Path: utzoo!utgpu!jarvis.csri.toronto.edu!mailrus!tut.cis.ohio-state.edu!cs.utexas.edu!samsung!usc!henry.jpl.nasa.gov!elroy.jpl.nasa.gov!jpl-devvax!lwall
From: lwall@jpl-devvax.JPL.NASA.GOV (Larry Wall)
Newsgroups: comp.lang.perl
Subject: Re: need perl help
Message-ID: <6723@jpl-devvax.JPL.NASA.GOV>
Date: 4 Jan 90 02:12:13 GMT
References: <229@carssdf.UUCP>
Reply-To: lwall@jpl-devvax.JPL.NASA.GOV (Larry Wall)
Organization: Jet Propulsion Laboratory, Pasadena, CA
Lines: 40

In article <229@carssdf.UUCP> usenet@carssdf.UUCP (UseNet Id.) writes:
: I would like to remove pairs of a letter from a string.  After I remove
: spaces & vowels, something like this:
:   $a =~ tr/AEIOU/     /;
:   $a =~ s/ //og;

(The o is unnecessary.)

: I then would like to remove double letters something like
:      wizzard  -->  wizard
: This all goes toward building a key to compare names, addresses, etc... to
: eliminate duplicates.
: 
: Does anyone have any ideas?   There's probably a more elegant way to remove
: the vowels and spaces too, for that matter.
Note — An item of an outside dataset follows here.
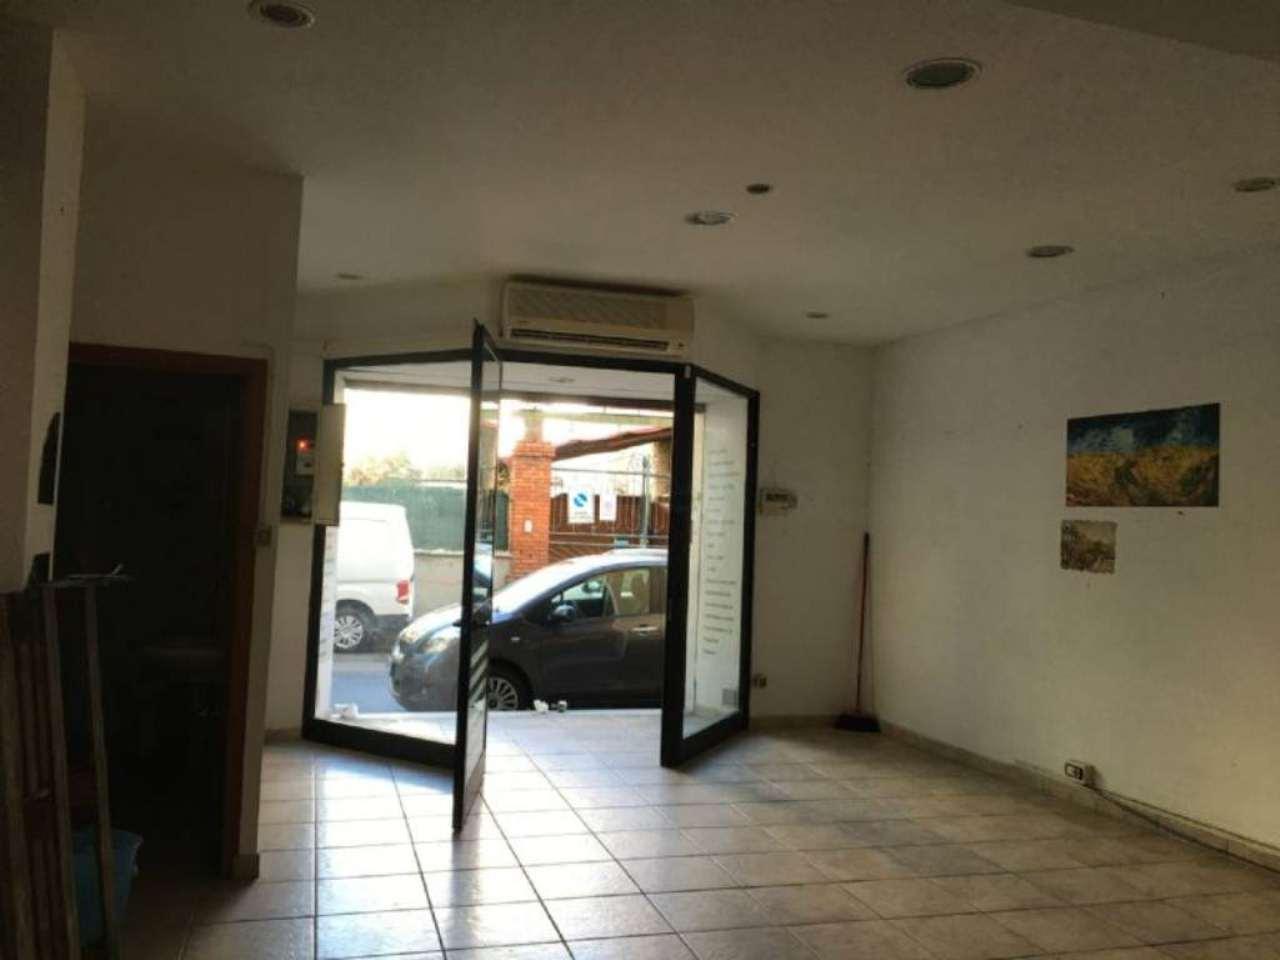 Negozio / Locale in vendita a Nettuno, 9999 locali, prezzo € 85.000 | Cambio Casa.it

Yes, use the [] construct and say s/[AEIOU ]//g; or some such.

There are several ways to remove duplicate characters, but the most concise
(and probably the fastest) is to say

	$a =~ s/(.)\1/$1/g;

This does have the problem that it doesn't reduce three in a row, but

	while ($a =~ s/(.)\1/$1/g) {}

will fix that.  You ought to be able to say

	$a =~ s/(.)\1+/$1/g;

but you'll get a complaint about "regexp *+ operand could be empty".
Now that I think on it, you can say

	$a =~ s/(.)\1\1?\1?/$1/g;

which will translate up to 4 duplicate chars.  How thorough do you want
to get?

Larry